● Instructions to follow
Pictures are to be excluded. Please print only the lines from the one containing "Смеситель Zigmund &" through the end of the data, exactly as they appear.

● Dataset section
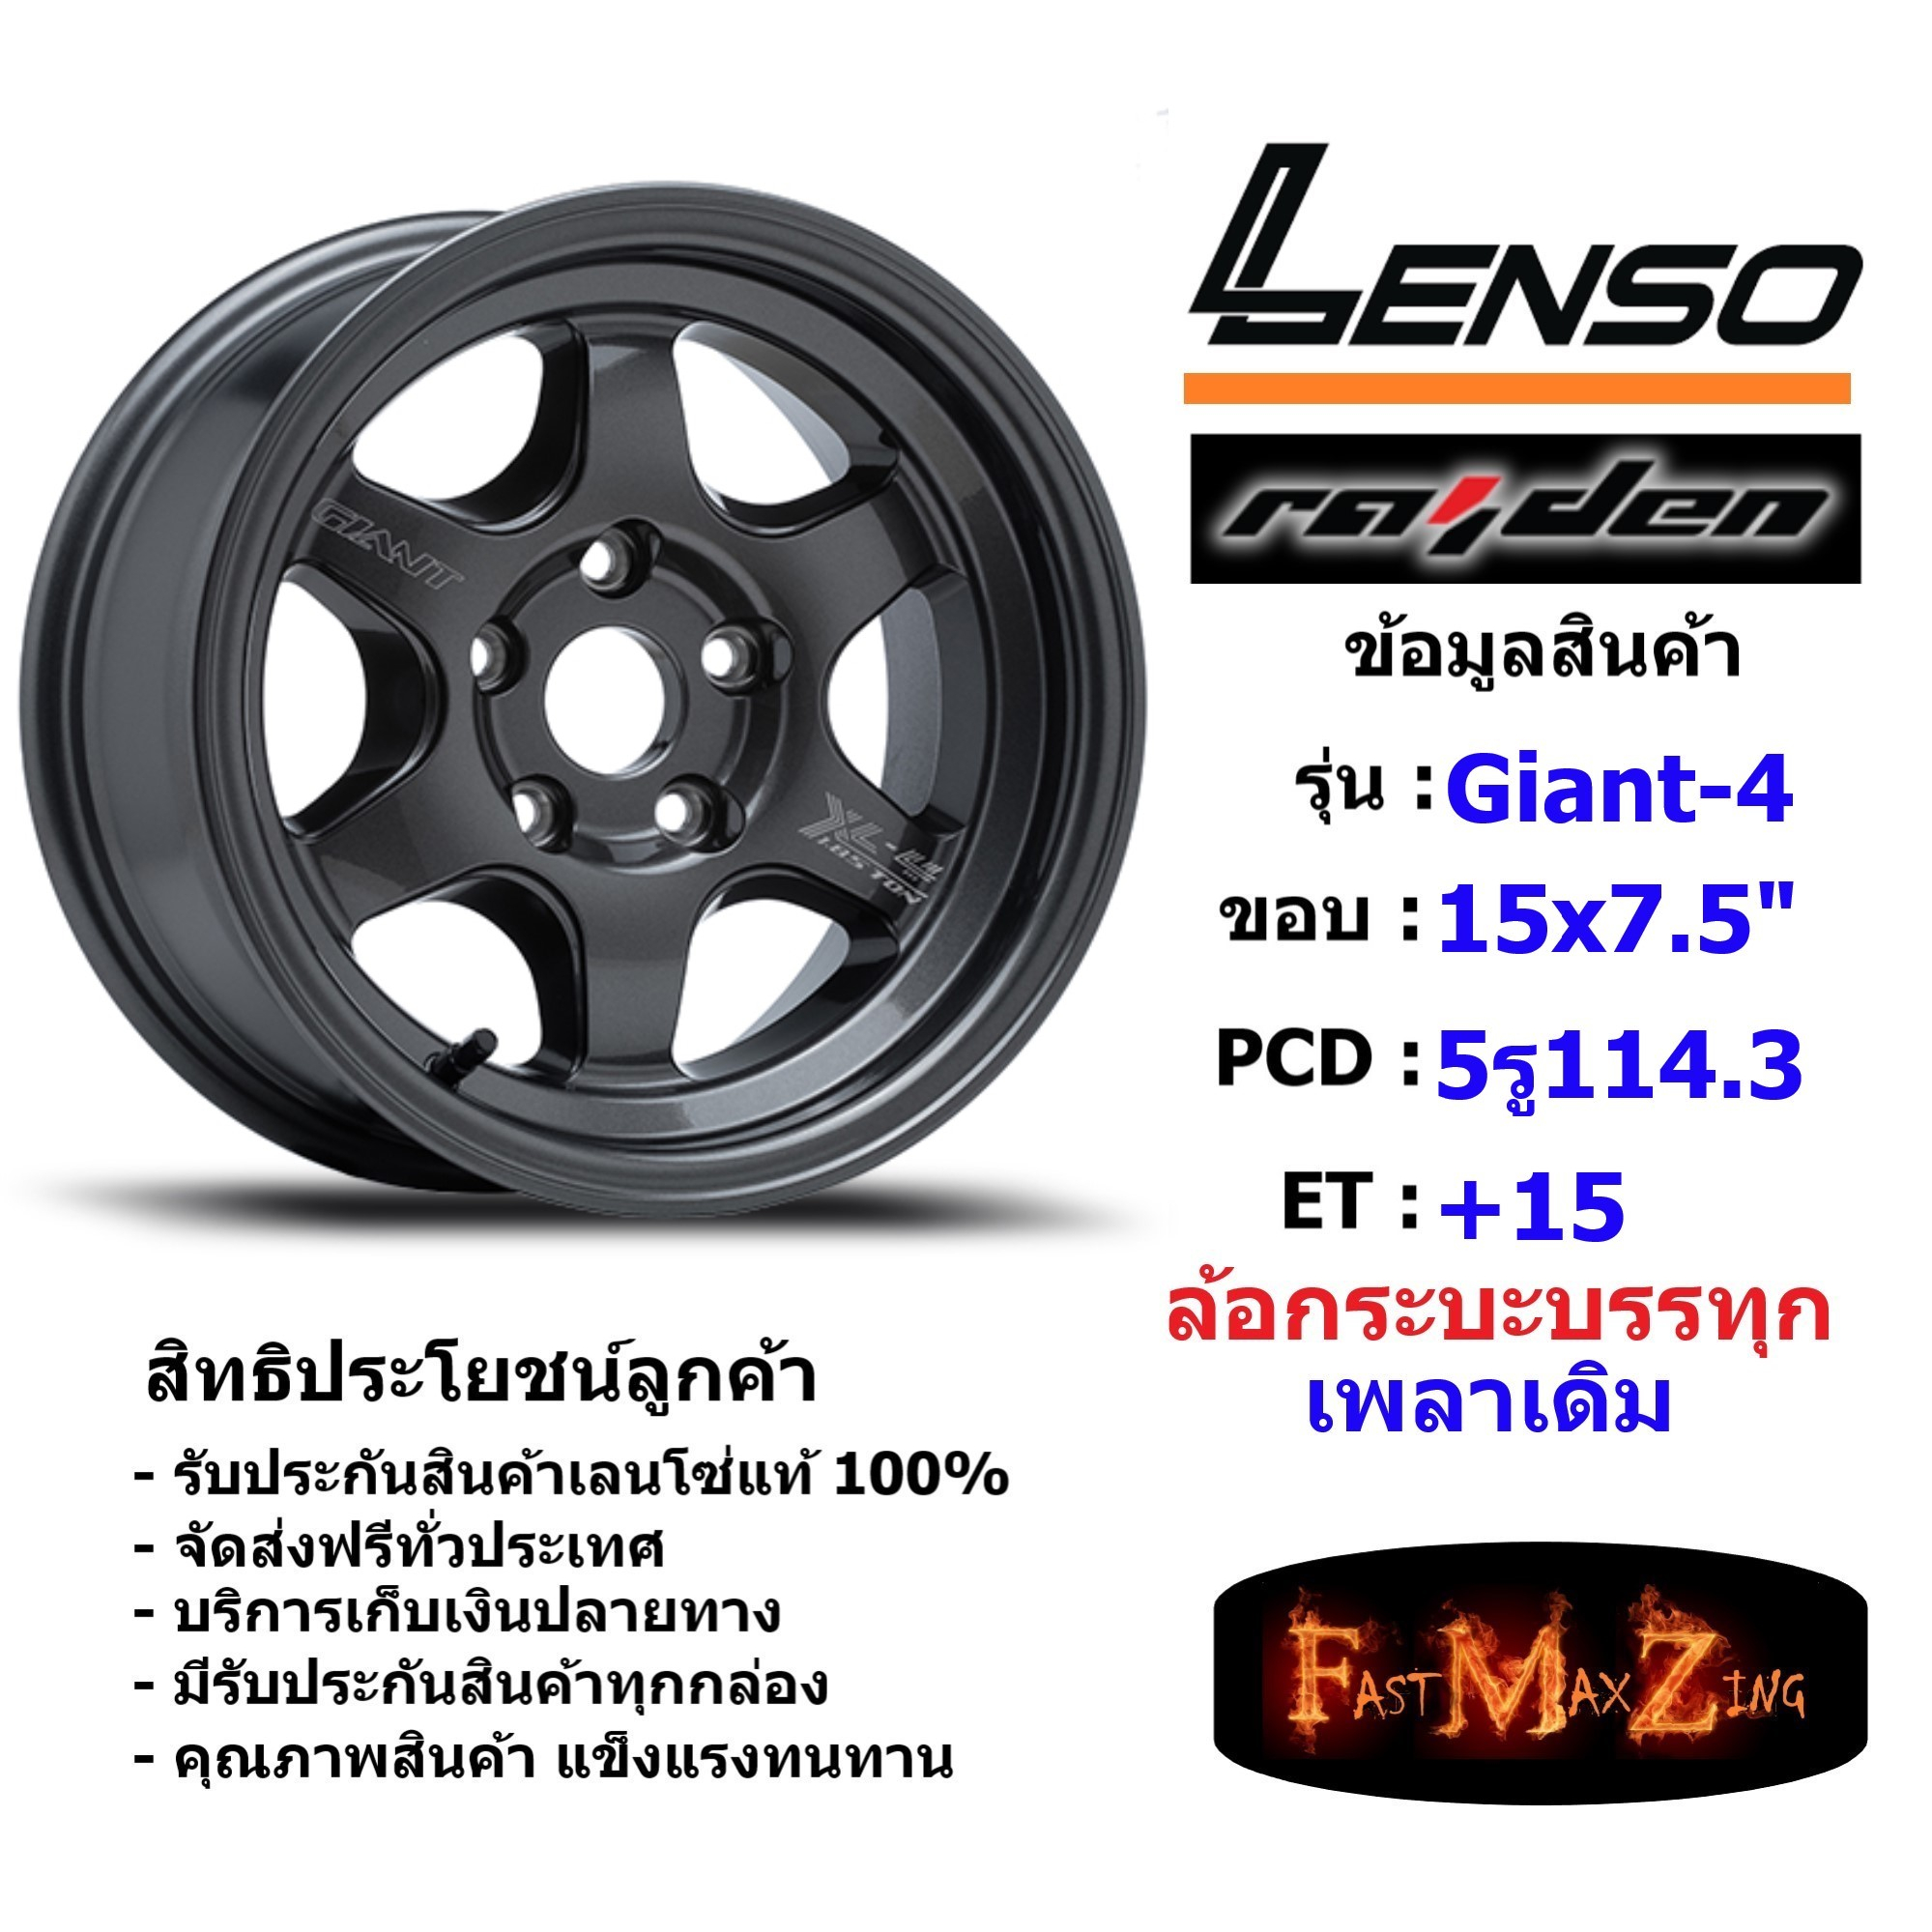 แม็กบรรทุก เพลาเดิม Lenso Wheel GIANT-4 ขอบ 15x7.5" 5รู114.3 ET+15 สีHDW ล้อแม็ก เลนโซ่ lenso15 แม็กขอบ15 CB60
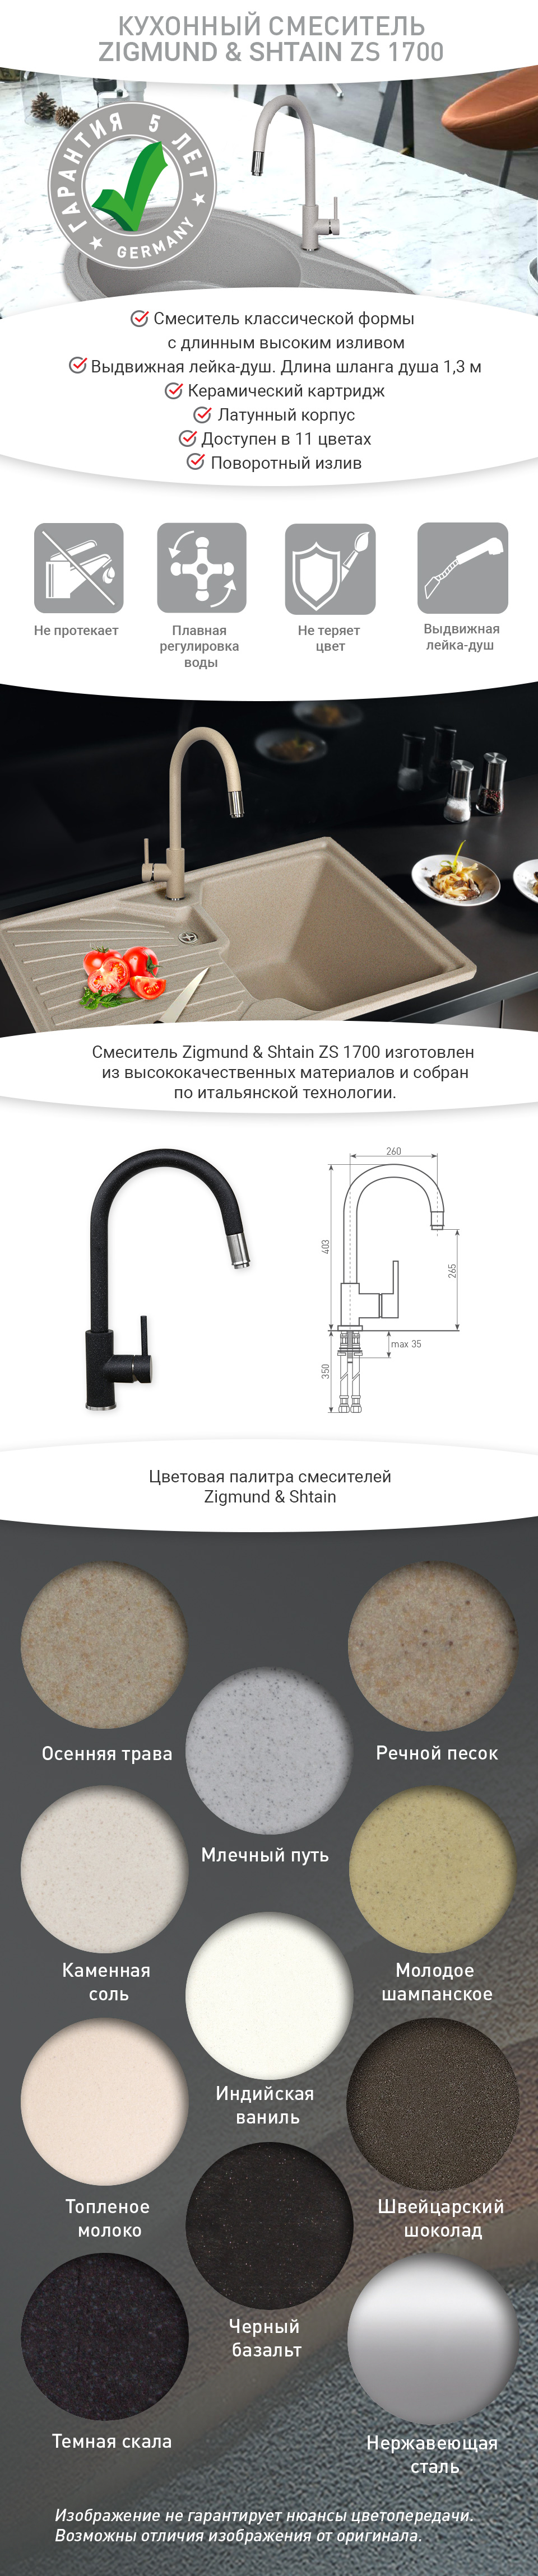 Смеситель Zigmund & Shtain ZS 1700 Нержавеющая сталь
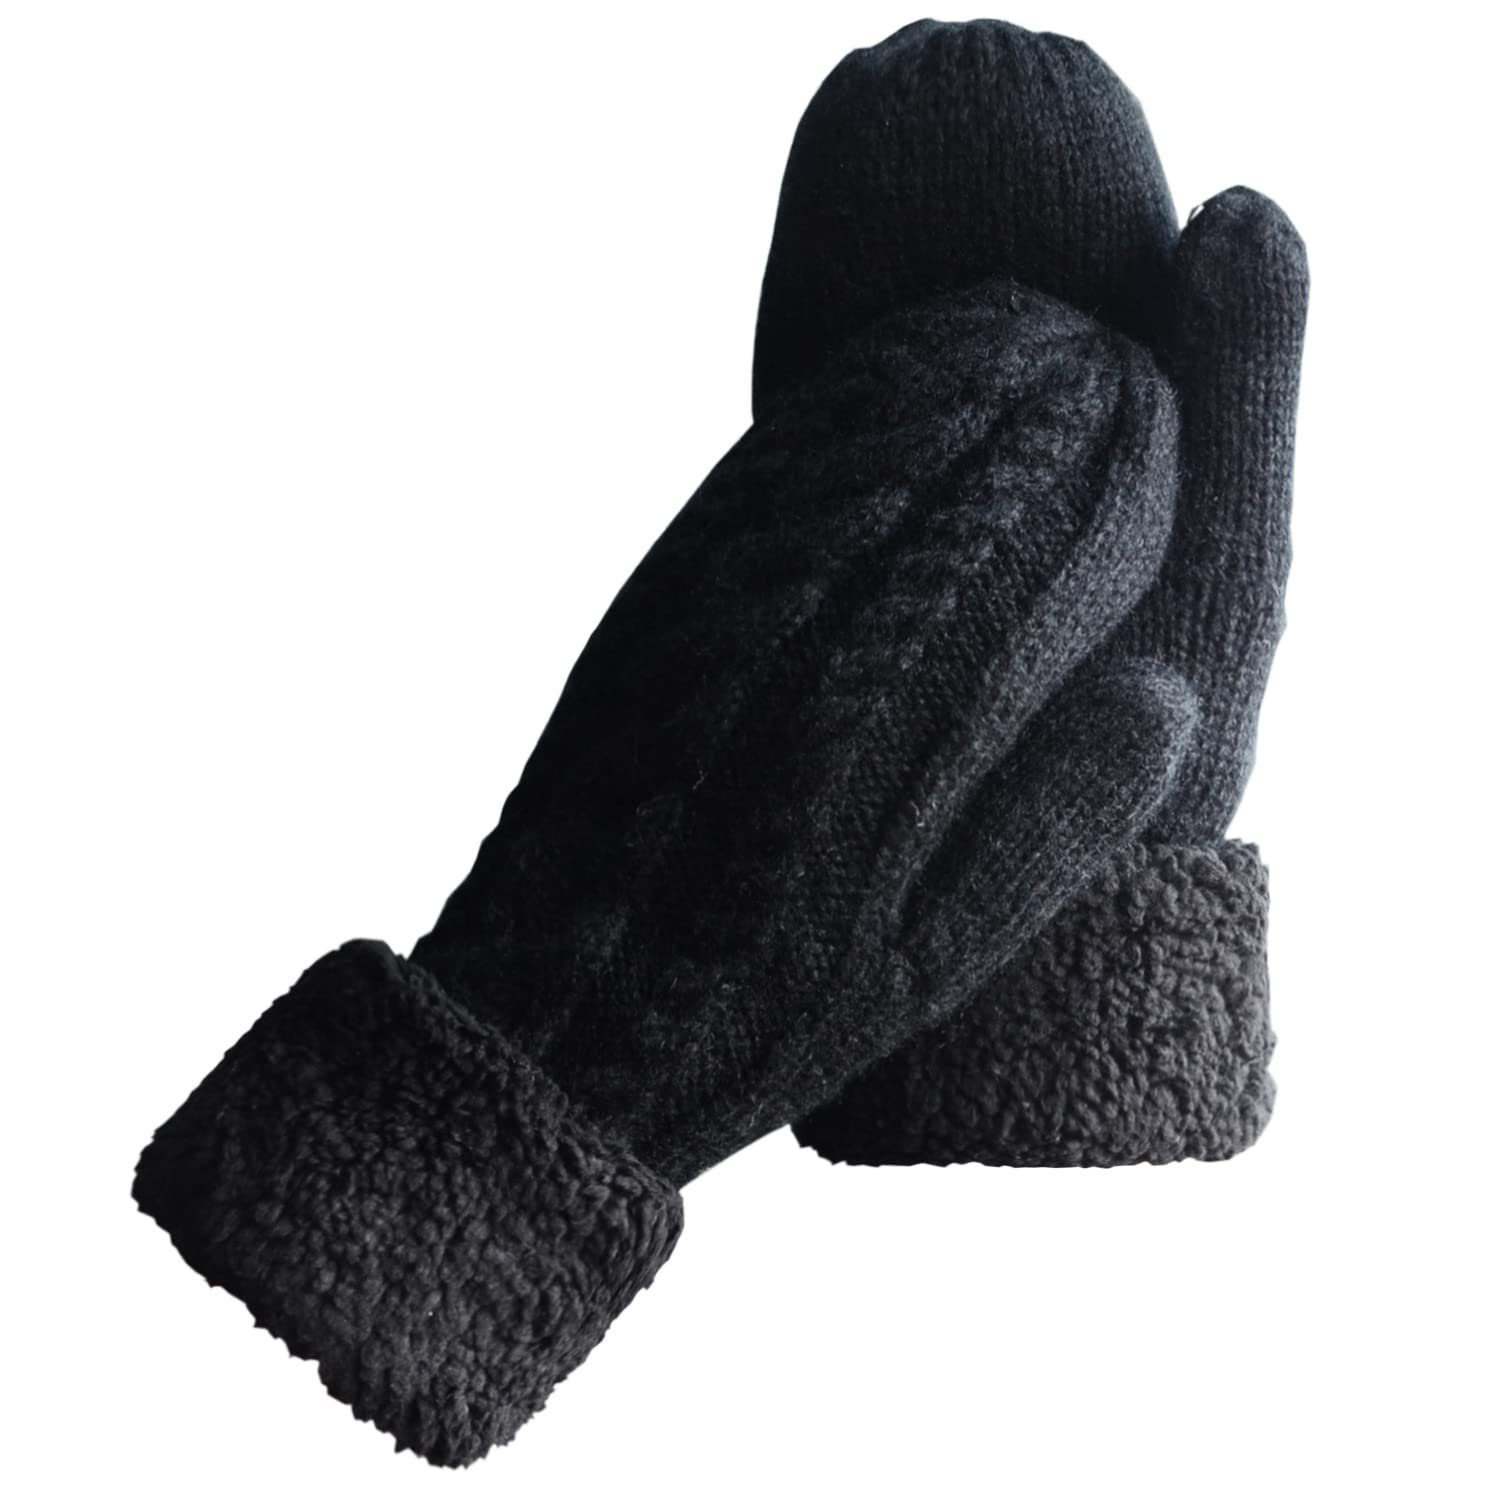 YYV Strickhandschuhe Damen Winterhandschuhe Warm Lining,Gemütliche Wolle Strick Dicke Handschuhe Fäustlinge schwarz | Strickhandschuhe
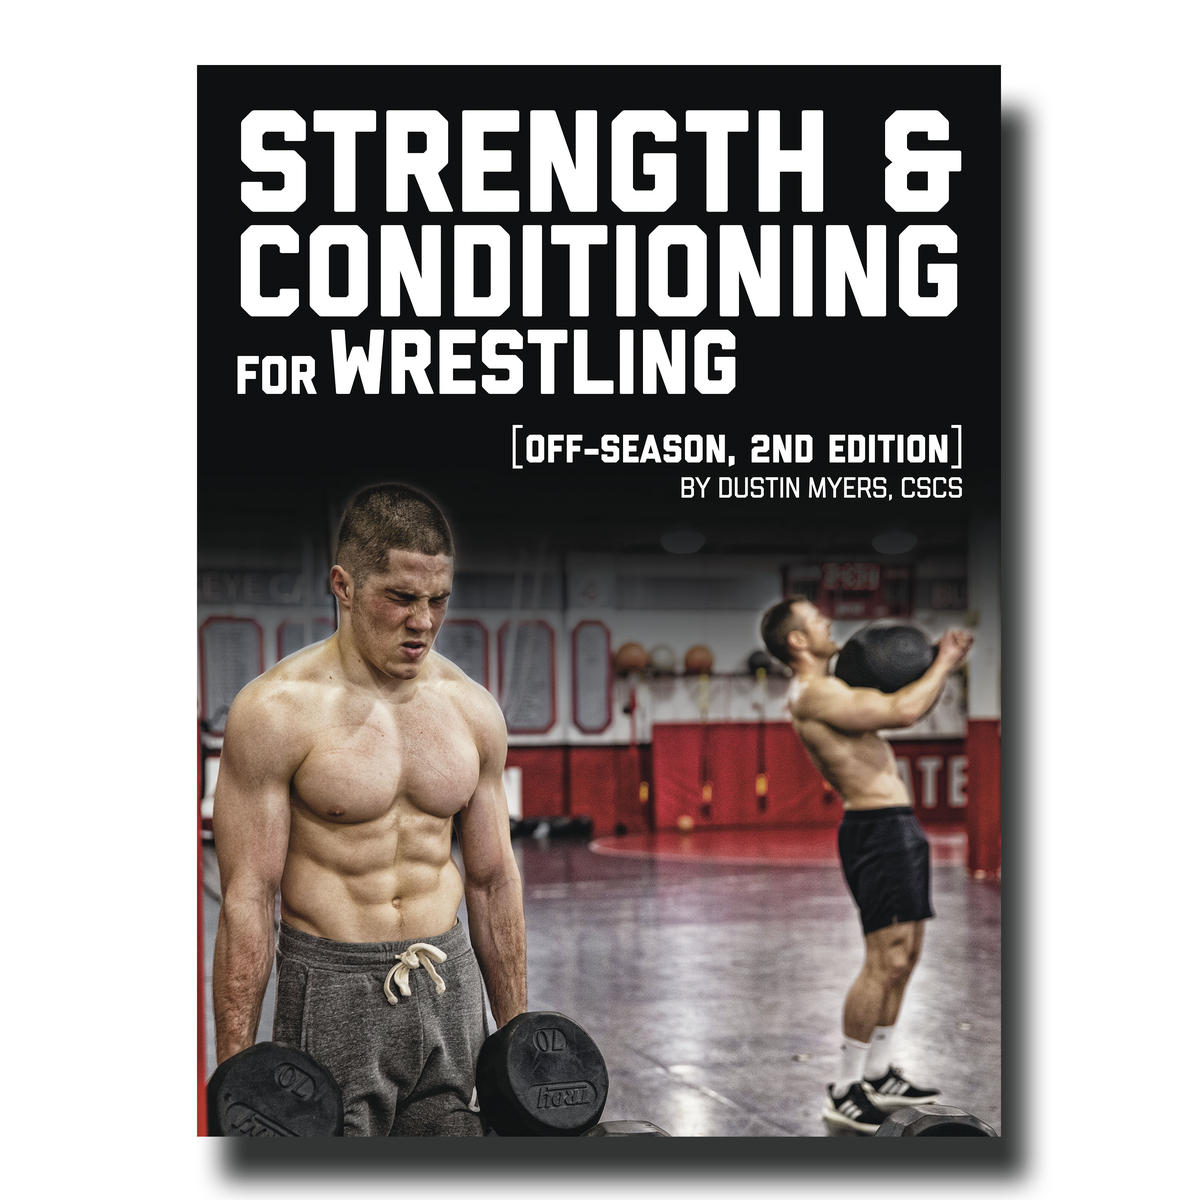 Dustin Myers E Book Guide For Wrestling

● Solution to this task
 Смеситель Zigmund & Shtain ZS 1700 Нержавеющая сталь
 YYV Strickhandschuhe Damen Winterhandschuhe Warm Lining,Gemütliche Wolle Strick Dicke Handschuhe Fäustlinge schwarz | Strickhandschuhe
 Dustin Myers E Book Guide For Wrestling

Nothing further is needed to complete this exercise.